Andrew Ferguson FTC
Image: Carol M. Highsmith via Wikimedia Commons (PD)/Photomosh

Trump FTC pick seen as mixed bag for data privacy enforcement

President-elect Donald Trump’s choice to chair the Federal Trade Commission (FTC) has attacked data brokers, lamented the end of privacy and lambasted Big Tech. But he has also criticized the very agency he is about to take over. 

Commissioner Andrew Ferguson, the former solicitor general of Virginia, was announced as the replacement for current FTC Chair Lina Khan on Tuesday. 

Under Khan and the current Democratic majority, the FTC has cracked down on data brokers trafficking in individuals’ sensitive information and the improper use of facial recognition technology.

Ferguson has voted in favor of every privacy-related enforcement since he began his tenure as a commissioner in April, but a leaked memo he wrote to Trump and his official statements on a range of FTC actions suggest he will diverge from Khan’s approach in important ways.

In the memo, Ferguson told Trump that under his stewardship the agency would “stop abusing FTC enforcement authorities as a substitute for comprehensive privacy legislation.”

“No more novel and legally dubious consumer protection cases,” the memo, first reported by Punchbowl News, said.

Although Ferguson has said the collection and sale of data leads to troubling surveillance of individuals, he also has made clear that he believes Congress should lead the charge by enacting privacy laws and that the FTC should not fill the void.

“Commissioner Ferguson has made no secret of his preference for Congress, rather than the FTC, to set clear privacy guardrails,” said Cobun Zweifel-Keegan, managing director at the International Association of Privacy Professionals. “This means rulemaking activities at the Commission are likely to be deprioritized.”

Privacy advocates fear this deprioritization could kill a particularly significant effort by the agency to establish a commercial surveillance and data security rule.
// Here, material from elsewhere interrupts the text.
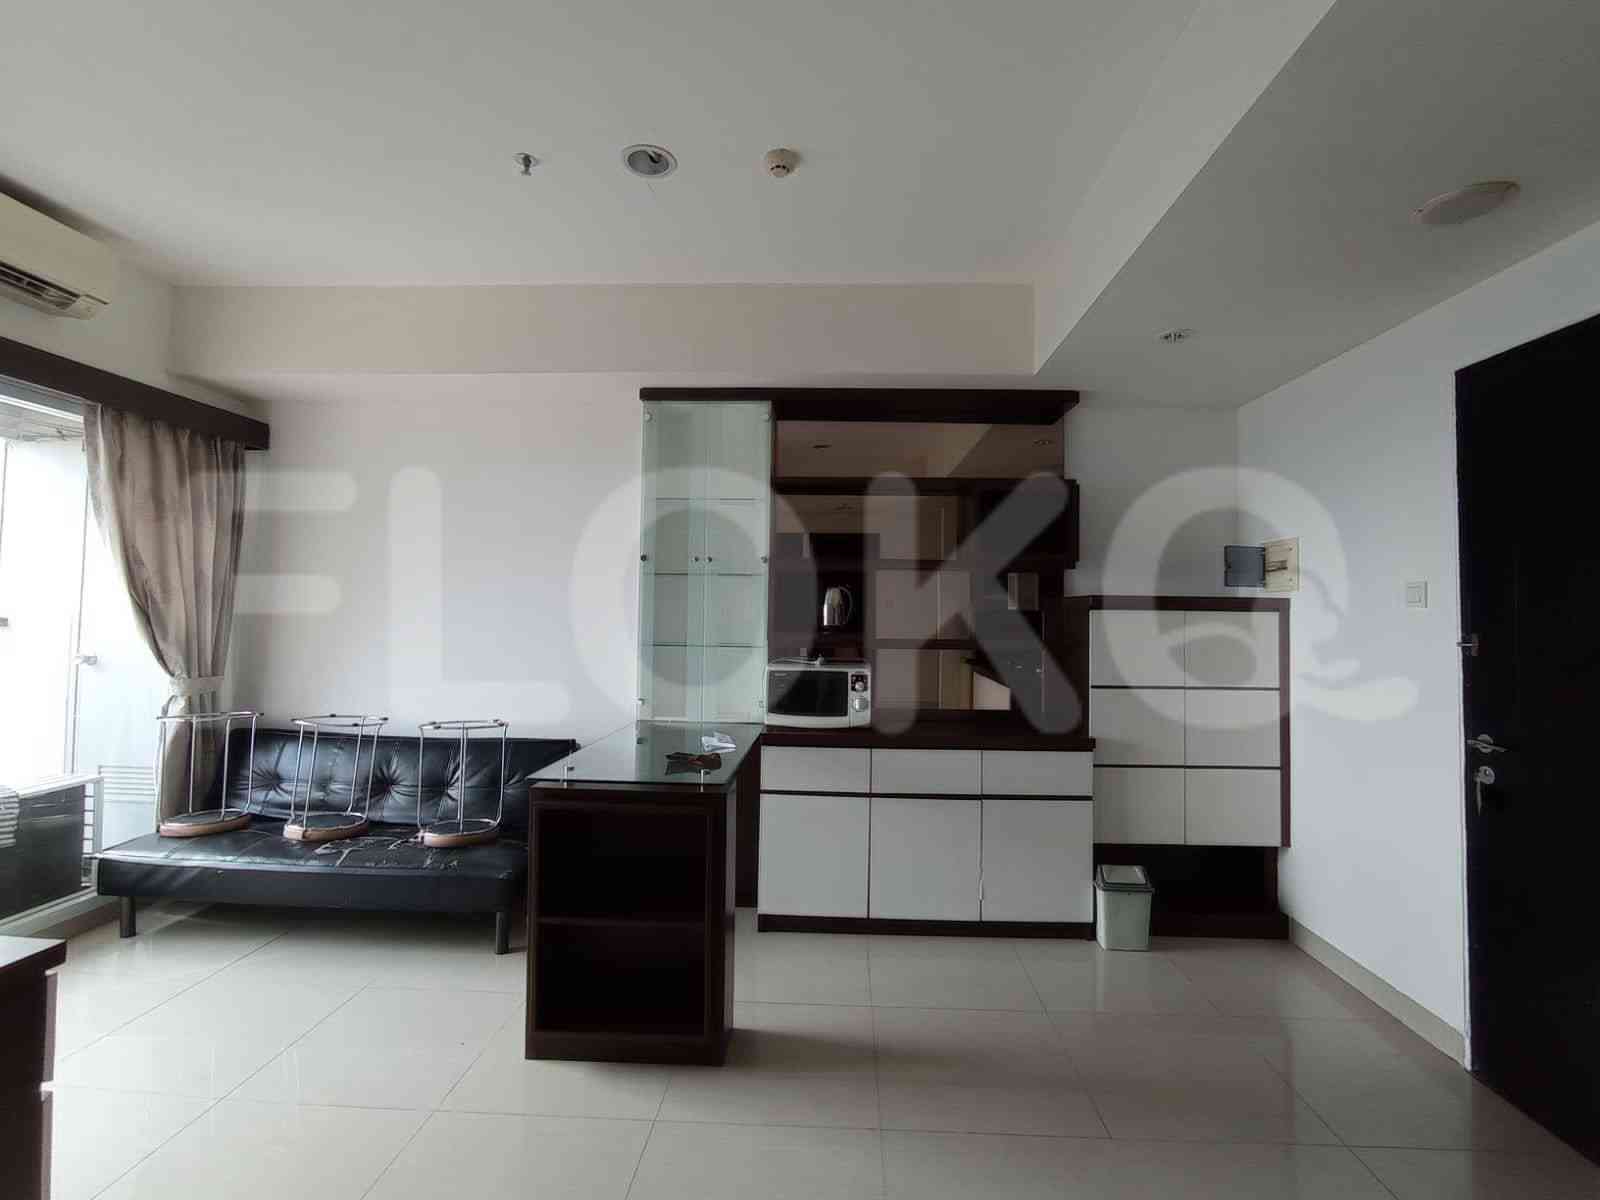 2 Bedroom on 16th Floor for Rent in Skyline Paramount Serpong - fga58c 8

The agency has been working on the proposed rule since August 2022 but has not yet published it. It is said to focus on data security, data minimization and algorithmic accountability. Experts believe it is likely to be abandoned by a Ferguson-led agency.

Even as advocates see promise when it comes to the likelihood of a continued crackdown on data brokers, Ferguson also has emphasized that he strongly believes the FTC under Khan has overstepped its authority, including on privacy enforcements.

In a statement about a recent enforcement action against location data brokers, Ferguson wrote that the other commissioners erroneously view the FTC Act, which bans unfair or deceptive business practices, as “a comprehensive privacy law.”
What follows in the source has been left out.